GELLERMAN: So how much did your system cost?

KOH: So, our system costs less than two thousand dollars.

GELLERMAN: Wow!

KOH: Including the cameras and the electronics and the plane and the software, but the software is open-source, of course.

GELLERMAN: So when you’re about to fly this drone, what do you do, you program it? How do you make it go where you want it to go?

KOH: That’s very simple. We just basically have to click on waypoints on a google map - we just upload it to the drone and flick a switch on the radio system and it takes off on its own and goes about its mission. And after it’s done with the mission, it flies back to us.

GELLERMAN: Professor Koh, why not use satellites for imaging the rainforest?

KOH: Yeah, we have been using satellites as well, but a couple of problems: one is the cost, and the second reason is because in many parts of the humid tropics, there is persistent cloud cover, so it’s very difficult to get real time images from a particular location using satellite-based remote sensing.


The drone took this aerial photo of a roaming elephant. (Photo: Lian Pin Koh)

GELLERMAN: You know, Professor Koh, have you thought of this, that you’re flying this drone over a forest, and you hone in on a deforester, someone who is cutting down trees, and they start shooting at the drone, and maybe shooting at you.

KOH: Actually, being shot at was one of the motivations for developing the drone too! Being shot at is a big risk of having manned aircraft flying over forests looking for illegal loggers, or poachers, so if the drone gets shot at, it’s the drone that goes down, it’s only a two thousand dollar technology. It’s practically disposable compared to a manned aircraft or an ultra-lite.
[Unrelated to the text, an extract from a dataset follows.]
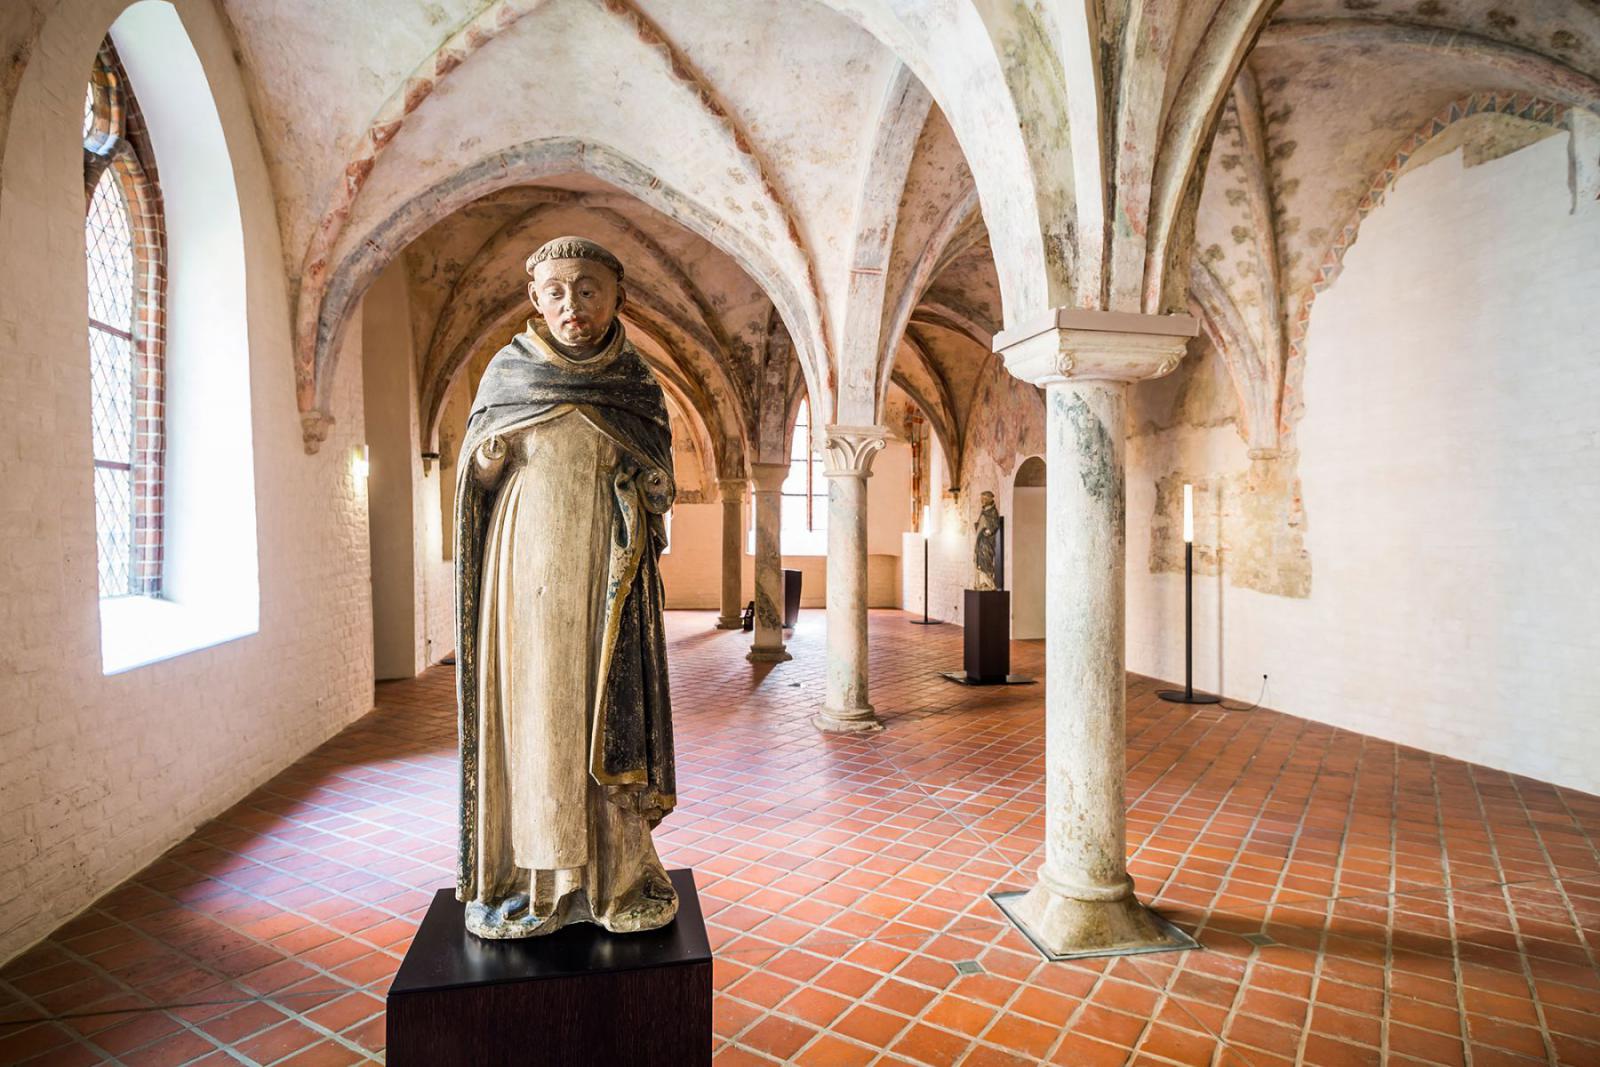 Het Europäische Hanzemuseum is een museum in Lübeck. Het klooster is onderdeel van dit museum over geschiedenis.

GELLERMAN: Since you’ve had successful test flights, have environmental groups coming to you saying, ‘hey, we could use that’?
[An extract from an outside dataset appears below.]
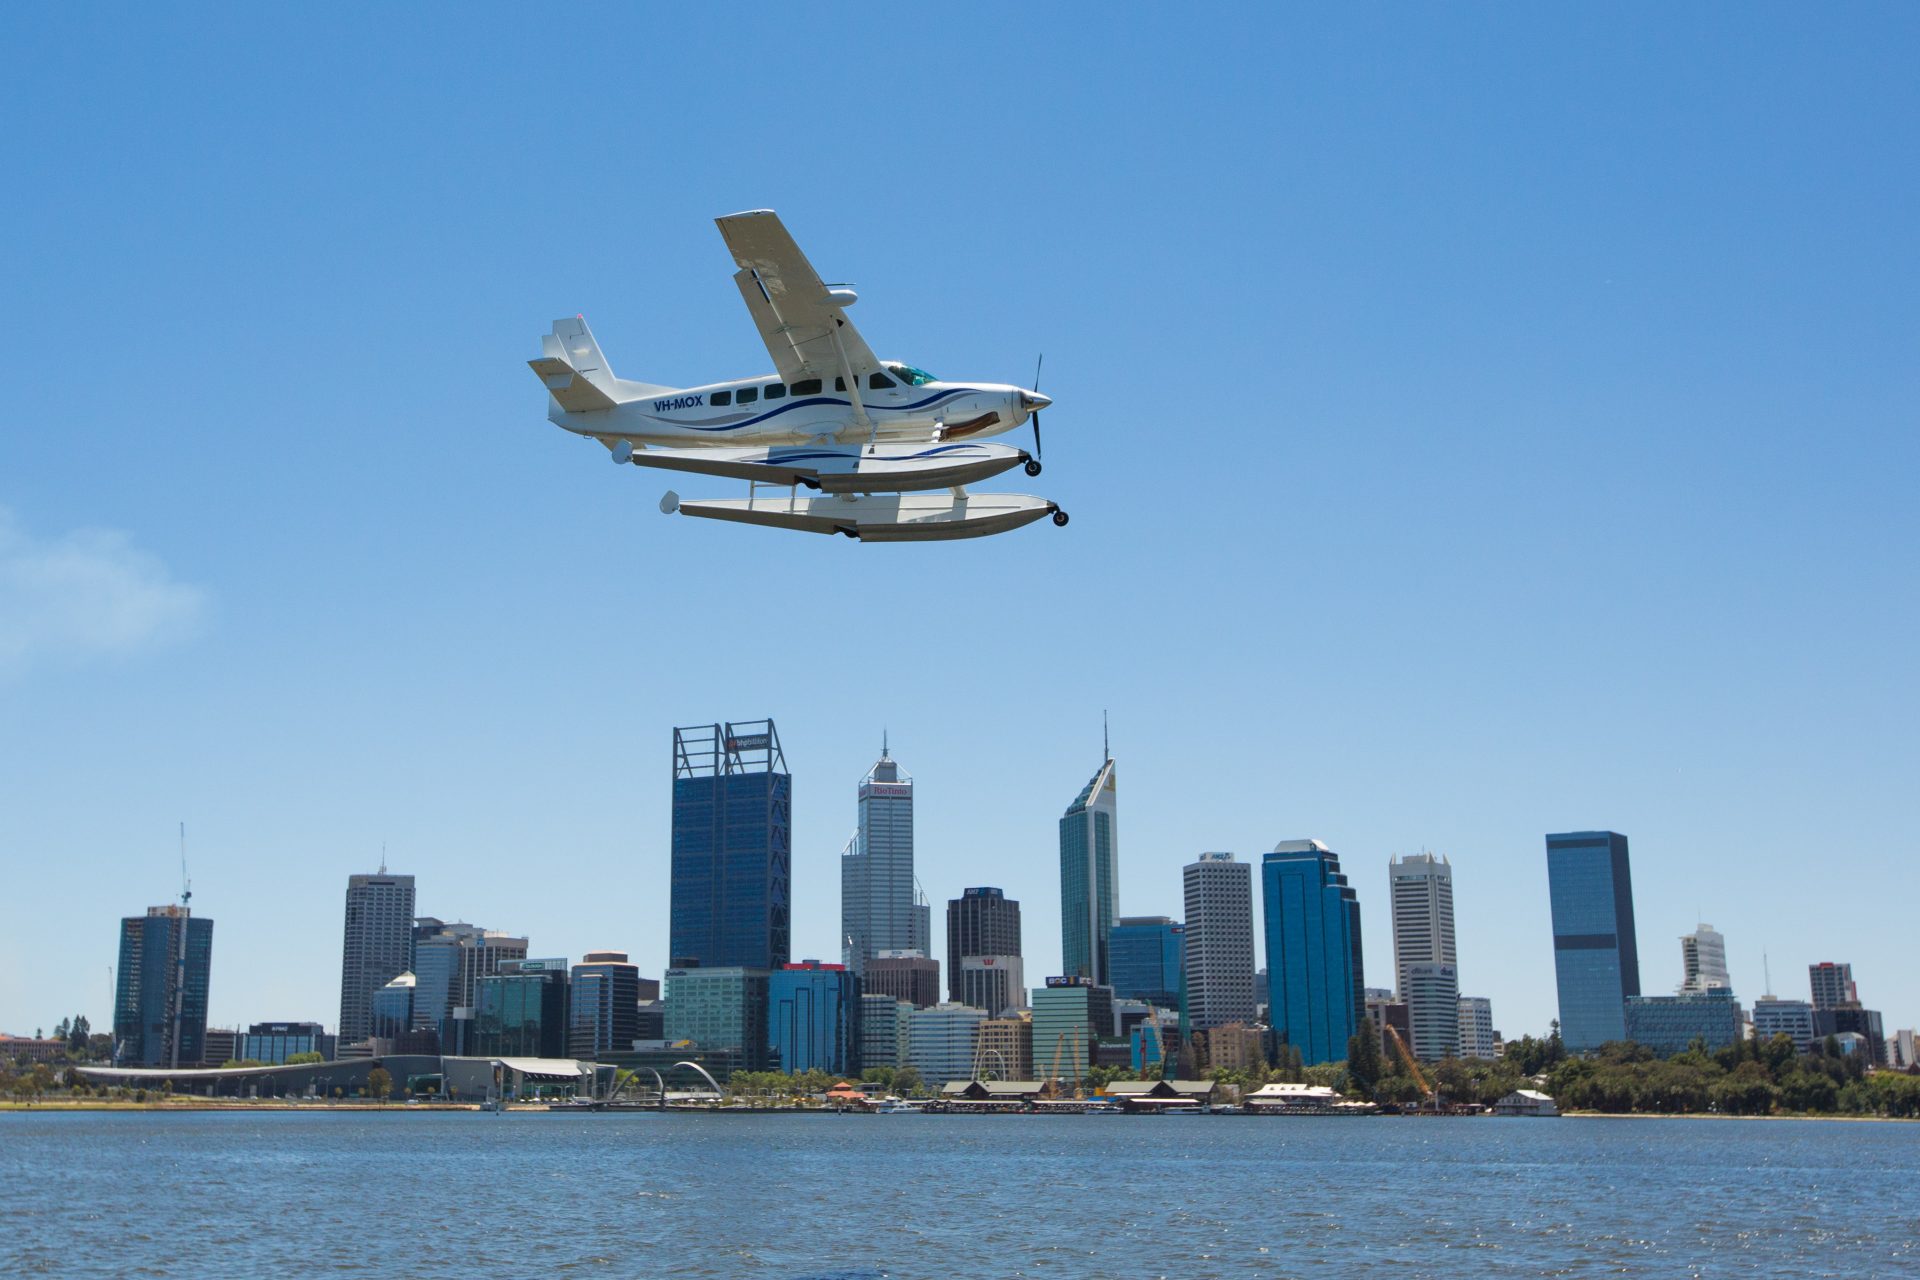 Perth City Seaplane Scenic Flight

KOH: Yeah, we’ve got lots of people contacting us, we’ve got colleagues from other research institutes asking us to go to Borneo to fly over the rainforest, asking us to go to Africa and we’ve even got someone asking us to bring our drones to the Antarctica to film penguins!

GELLERMAN: Professor Koh, were you the kind of kid - I know I was - who flew model airplanes and all that?

KOH: No, no. I wanted to fly, but we just couldn't afford to buy one of those things in my family, so I’m sort of living my childhood dream now. You know, one of my dreams is to be able to develop something that is of real practical use to conservation in the tropics, apart from all of the academic work that I’m engaged in, to reach out to the people on the ground who are actually doing conservation.

GELLERMAN: Is it fun to fly?

KOH: Oh, it’s very fun! That’s the other reason why we developed the drone! (Laughs.)

GELLERMAN: Well, congratulations Professor Koh, you’ve earned your wings!

KOH: (laughs) Oh, thank you very much.

GELLERMAN: Lian Pin Koh is a professor of ecology and conservation at the Swiss Federal Institute of Technology in Zurich.